As for (III) the dissimilarity of style, Du Pin remarks that this too is only to be observed in A and B. Indeed far from being dissimilar in style there is a very remarkable similarity in this respect between Book VII, speaking generally, and the other six Books; whilst for myself I fully agree with Ziwsa in thinking that even A and B are quite Optatian in style. From this point of view they seem to me to be clever forgeries----skilful imitations of the genuine work of St. Optatus, with which their author was evidently familiar.

The only remaining difficulty arises from the statement |271 of St. Jerome to which we have already alluded. But is it not possible that St. Jerome was only acquainted with the First Edition of St. Optatus? 6 However this may be, Du Pin meets the difficulty by suggesting that when St. Jerome wrote, that which we now read as a connected whole, and call the Seventh Book of St. Optatus, was principally to be found in the shape of Appendices or additions,, not to the completed work, but to several of the other Books regarded separately. To illustrate this idea, Du Pin points out that the Donatists very likely objected that two statements----both of them to be found in the First Book----that their Fathers were Betrayers, and that yet they were the Brethren of Catholics----were markedly inconsistent and even destructive of one another. 'If our Fathers were Betrayers,' we can well imagine that they urged, 'why do you call us Brethren, and why invite us to Communion?' 7 To this objection St. Optatus made his reply in the first three chapters of the Seventh Book.

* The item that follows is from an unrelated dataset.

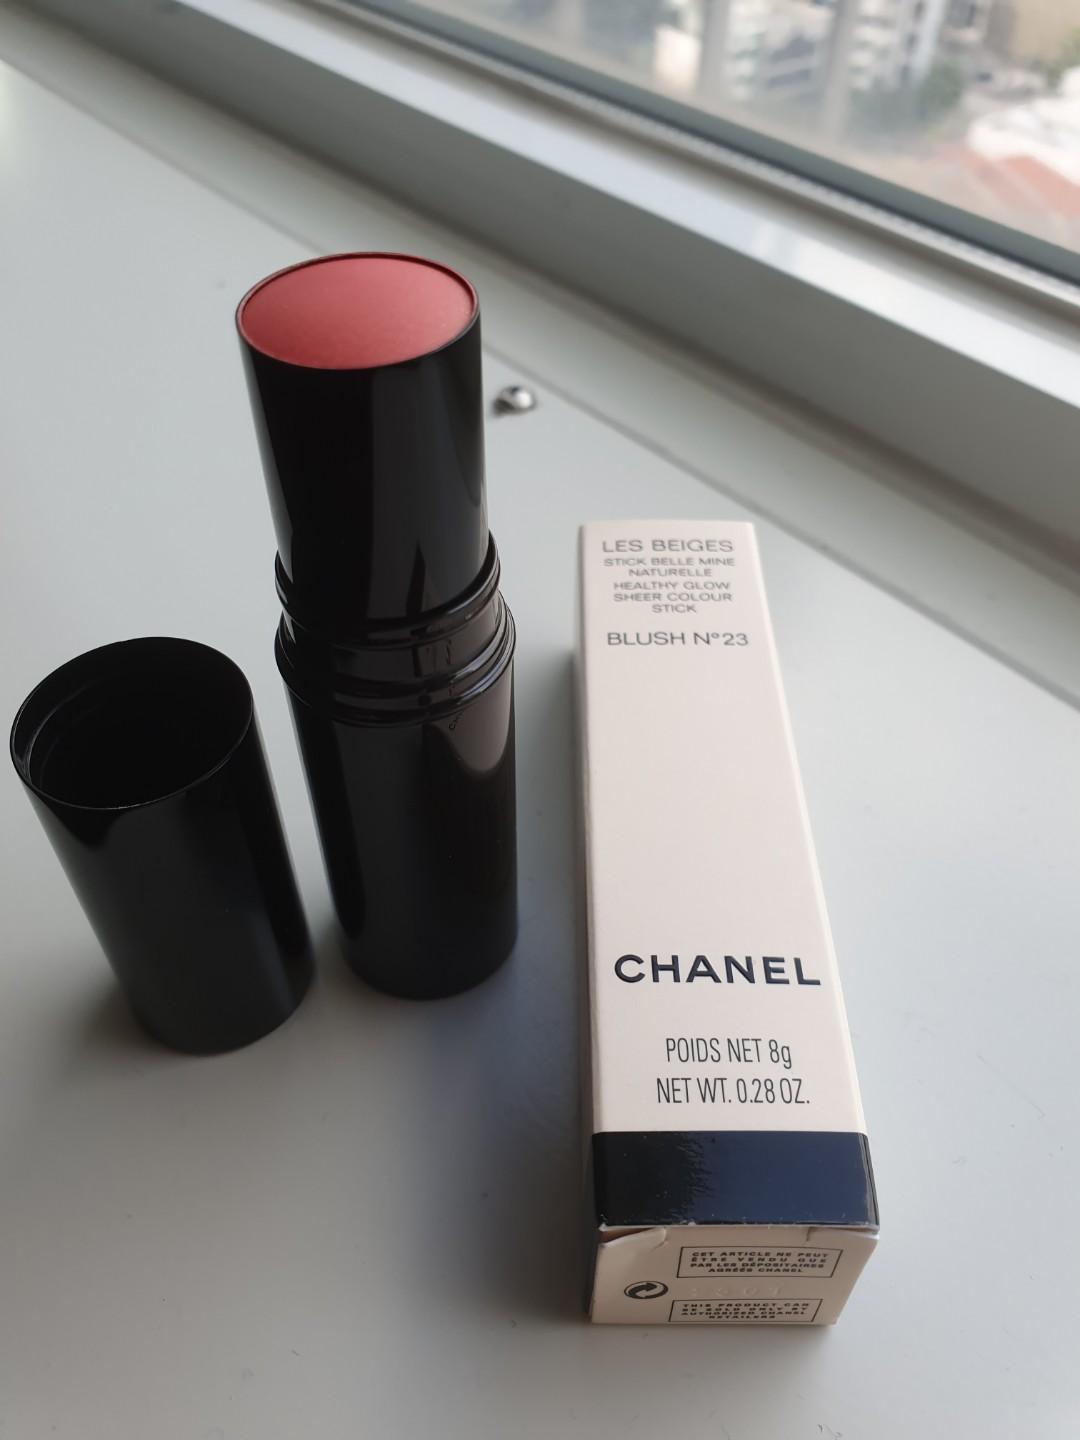 CHANEL, Makeup, New Chanel Les Beiges Healthy Glow Sheer Color Stick Blush  Bush N2
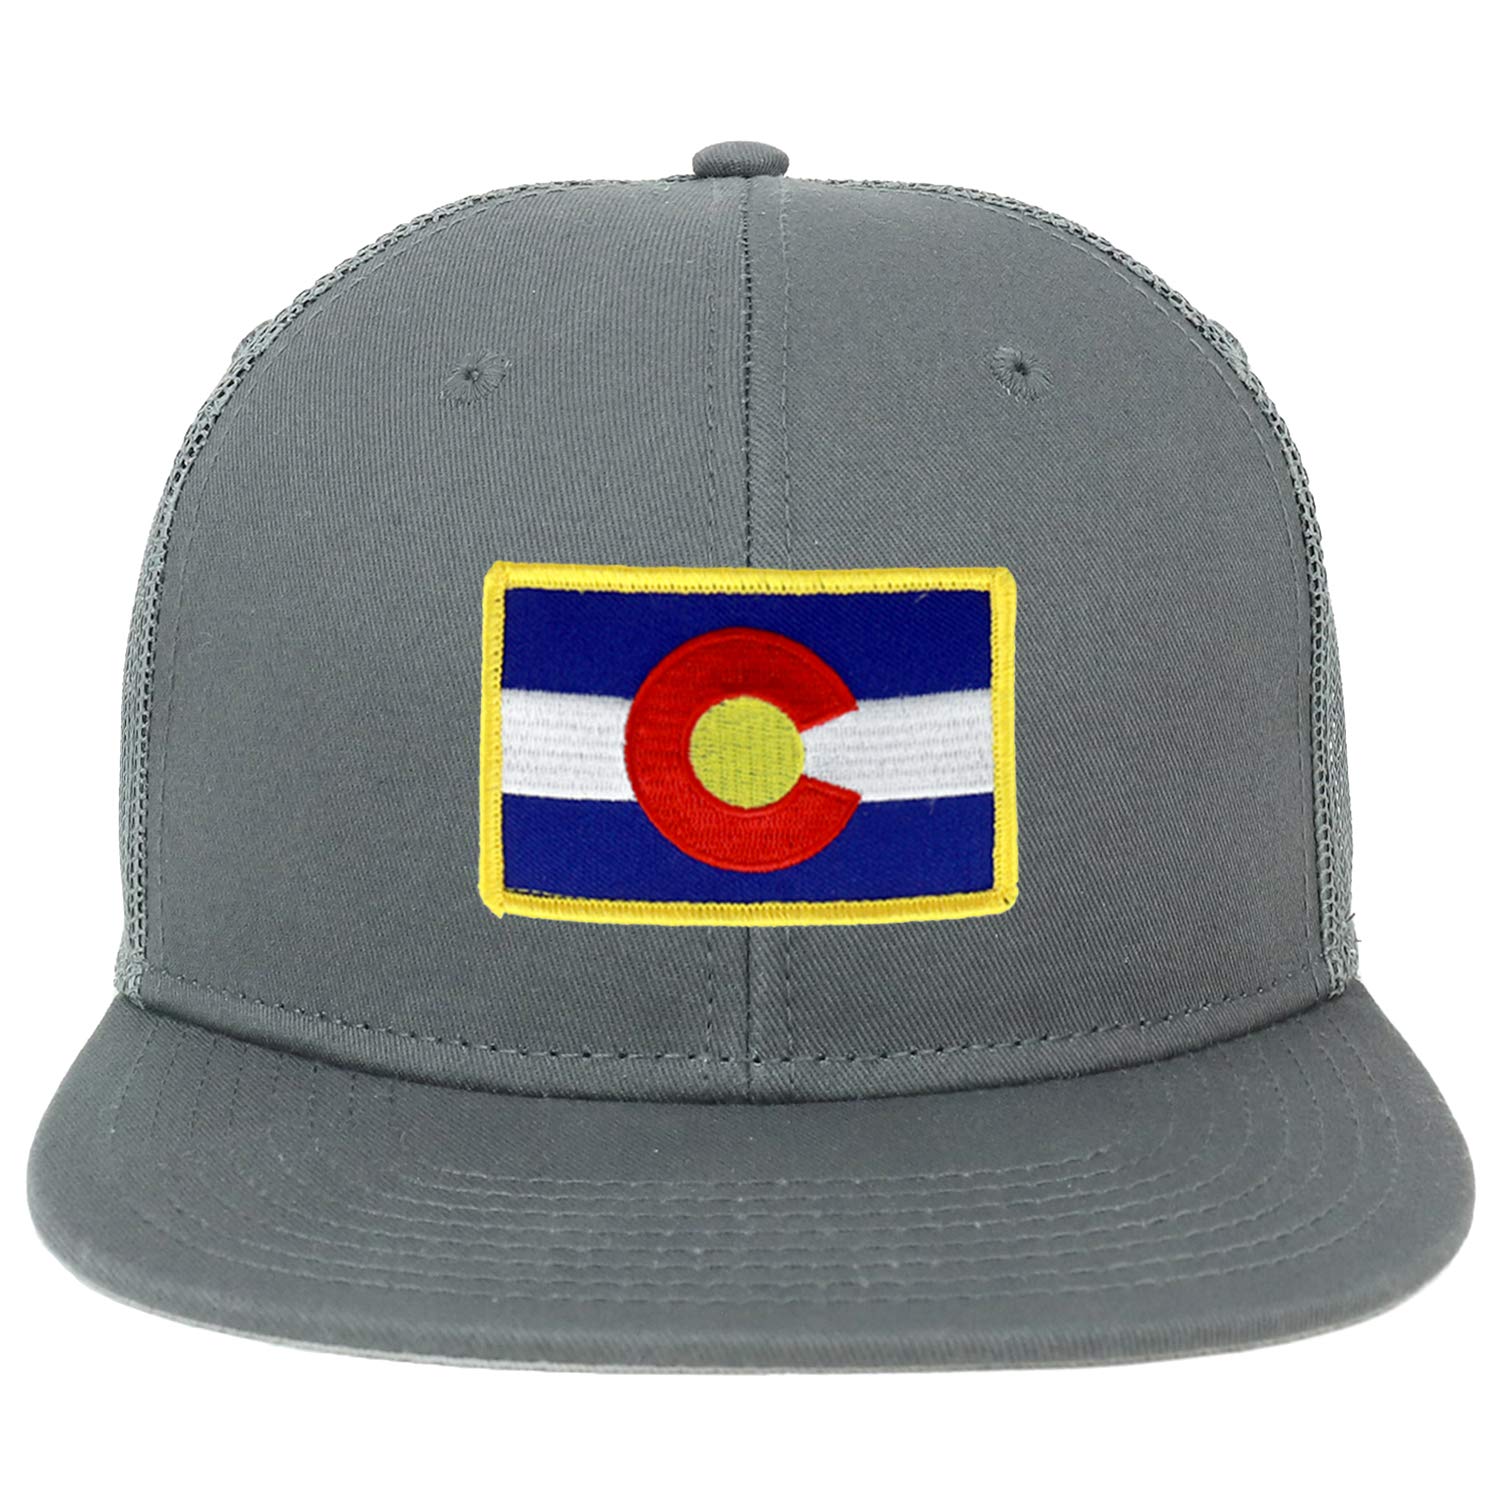 Armycrew Oversize XXL Colorado State Flag Patch Flatbill Mesh Snapback Cap - Black - 2XL

All that we read in the two following chapters concerning 'flies about to die' and about Jamnes and Mambres should be referred to the end of the Second, or perhaps rather to the Fourth Book, where Donatist calumnies of a similar character are refuted.

The last two chapters (6 and 7) belong to the Third Book, to which they are an addition. As this seems to be, in the judgement of all, a fact established beyond doubt, I have already printed the translation of those chapters in their proper place at the end of Book III. |272 

I have thought it safer, however, (in this following not only Ziwsa but Du Pin himself,) to keep the first five chapters in the form of a separate Book, as we find them in the existing manuscripts.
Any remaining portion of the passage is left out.